The processing technology of dehydrated onion slices includes material selection, sorting, segmentation, cleaning, color protection, water throwing, dehydration, finished product selection, water balance, packaging and so on.

1. Material selection: the raw material for processing dehydrated onion should be medium or large healthy bulb, which requires old mature onion, compact structure, small neck, white or yellowish meat, strong spicy taste, no green or less green skin, and dry matter less than 14%. Nanjing yellow skin, Tianjin yellow skin, Nankang white ball, and ske equal varieties are preferred.

Two, collate: cut off the stems and roots, and remove the outer layer of the edible bulbs.

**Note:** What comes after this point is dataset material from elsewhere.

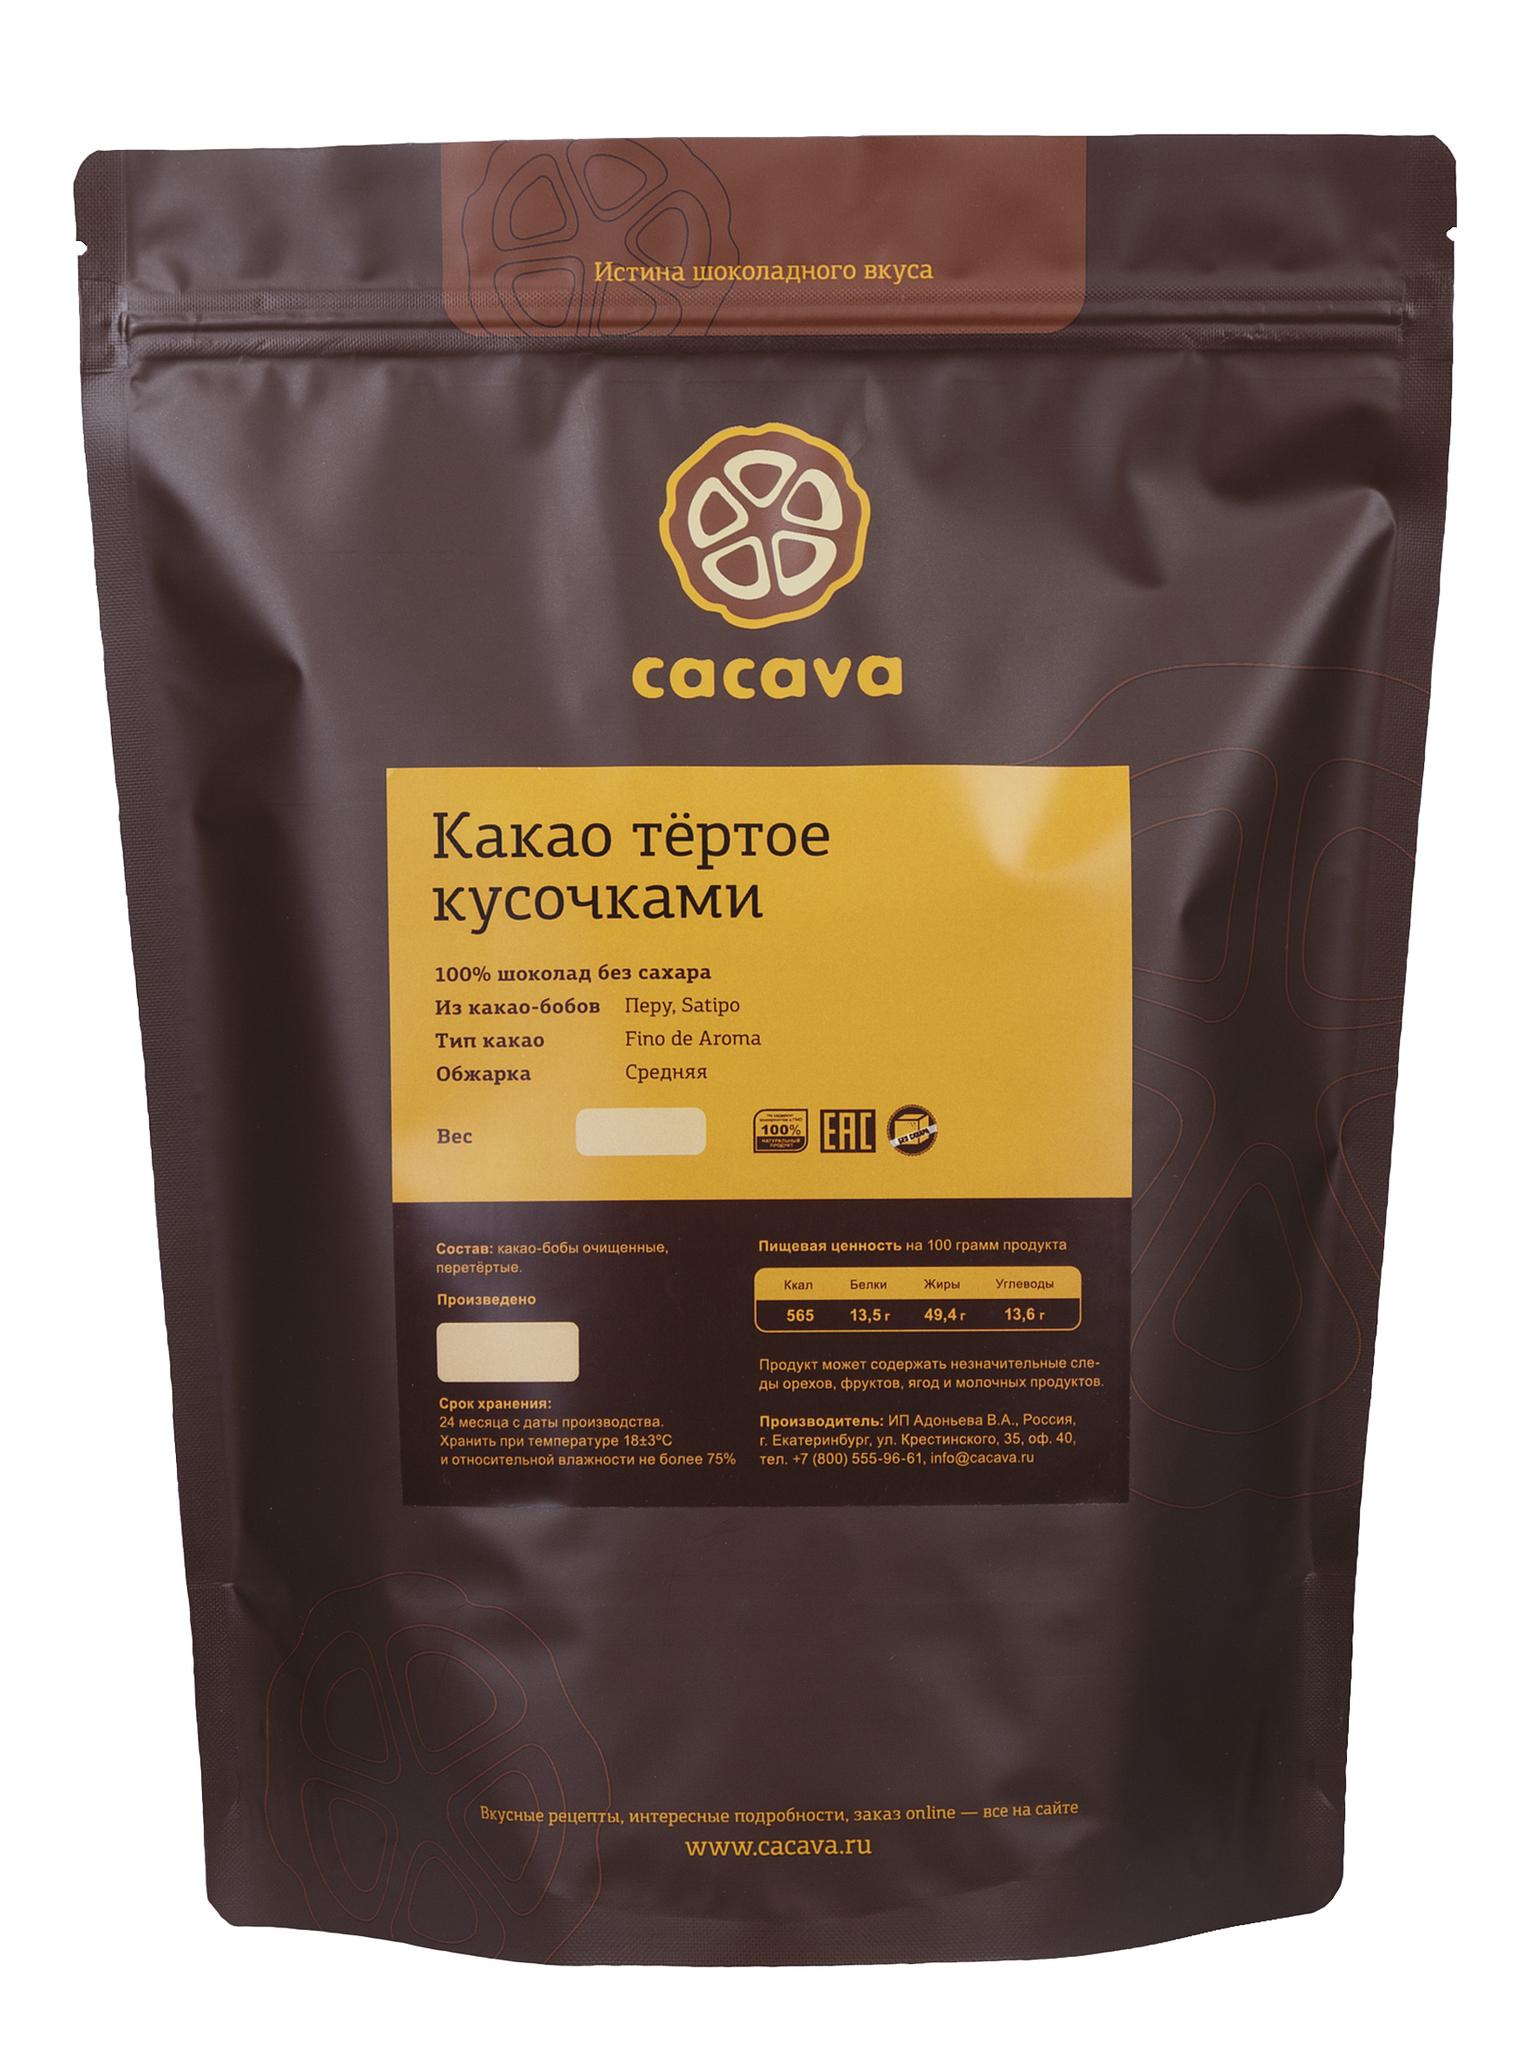 Какао тёртое кусочками (Перу, Organic Satipo), упаковка 1 кг
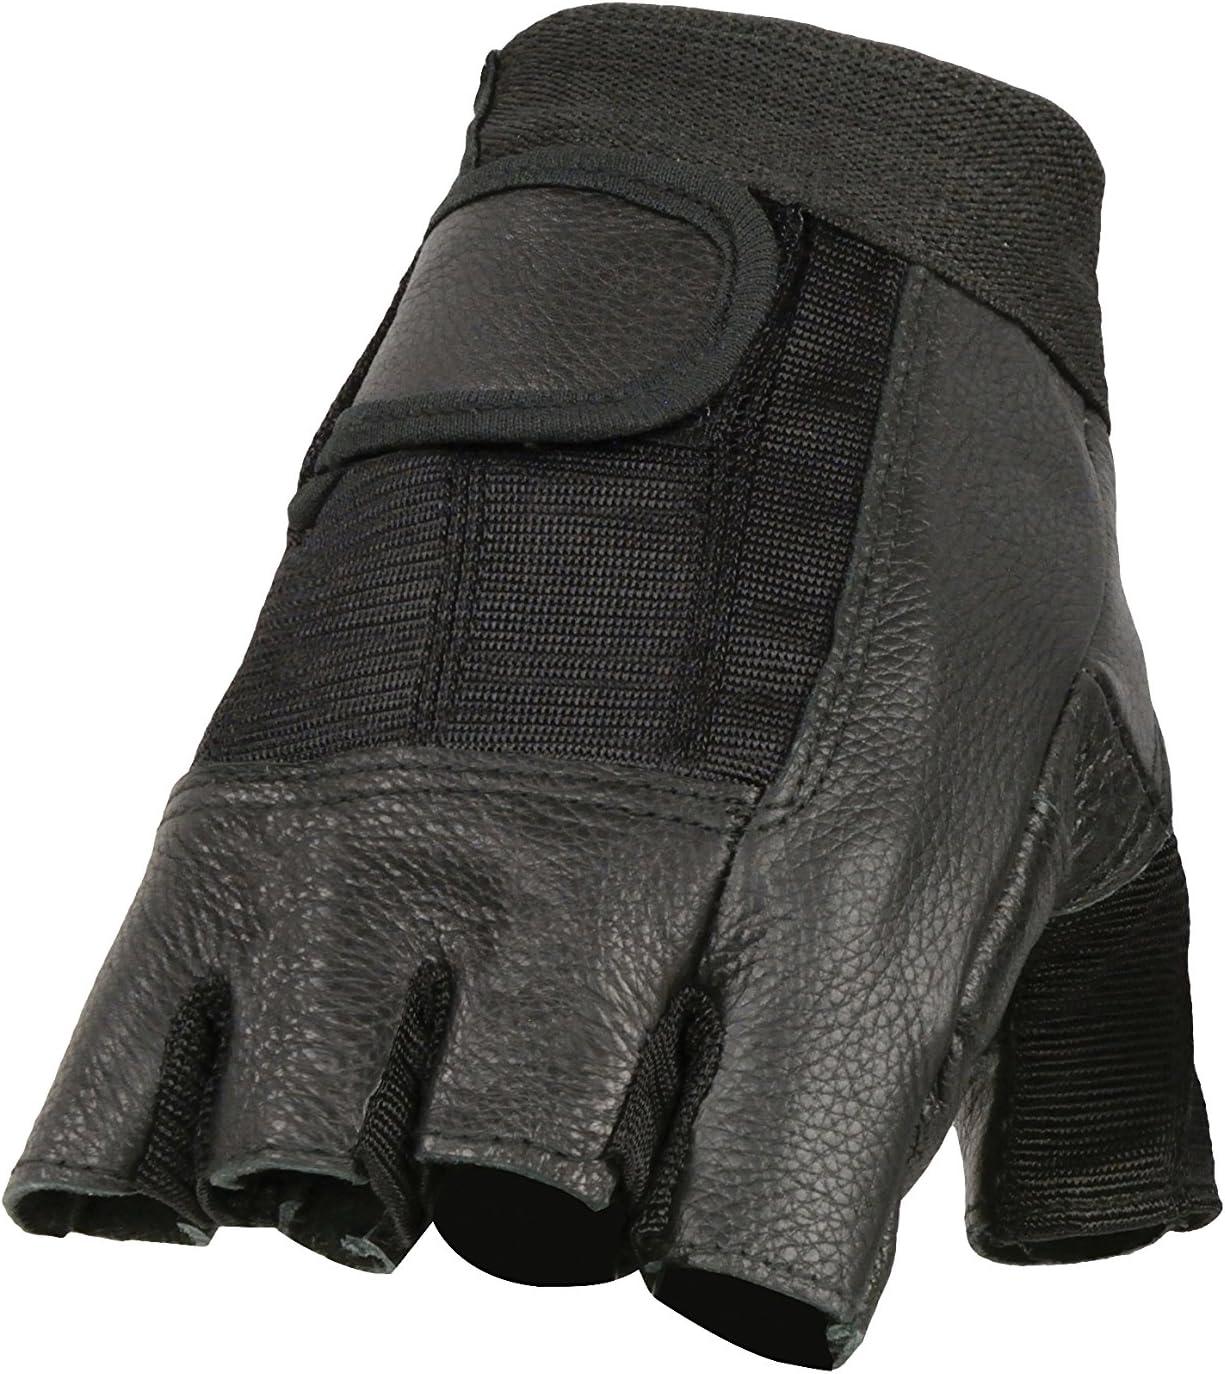 Black, XX-Large Spandex and Leather G Shaf International Mens Fingerless Gloves

Three, segmentation: cut the onion into 4 pieces, that is, one knife, next knife, cross cut, but do not cut off. Slice the machine and slice it to 2~3 mm thick.

Four. Cleaning: wash the shallot slices thoroughly in clear water and wash them as foam.

Five, color protection: washed onion slices are soaked in 0.2% sodium bicarbonate solution for about 2~3 minutes, then drain and drain.

Six. Centrifugation: drain onion slices with centrifuge to remove surface water.

Seven, dehydration: the onion slices are evenly spread into the drying screen for dehydration. The temperature of the drying room is at 55 - 60 degrees C, baking to about 4.5% of the moisture content, and picking out the tidal flakes and baking.

Eight, finished products: pick out the char brown, old leather, impurities and discolourable inferior products (milled outlet).

Nine. Water balance: immediately after the product is cooled, piled in a sealed container, so that the water tends to be balanced and the water content is uniform.

Ten. Packing: put onion slices into cardboard boxes lined with plastic film bags, 20 kilos per carton.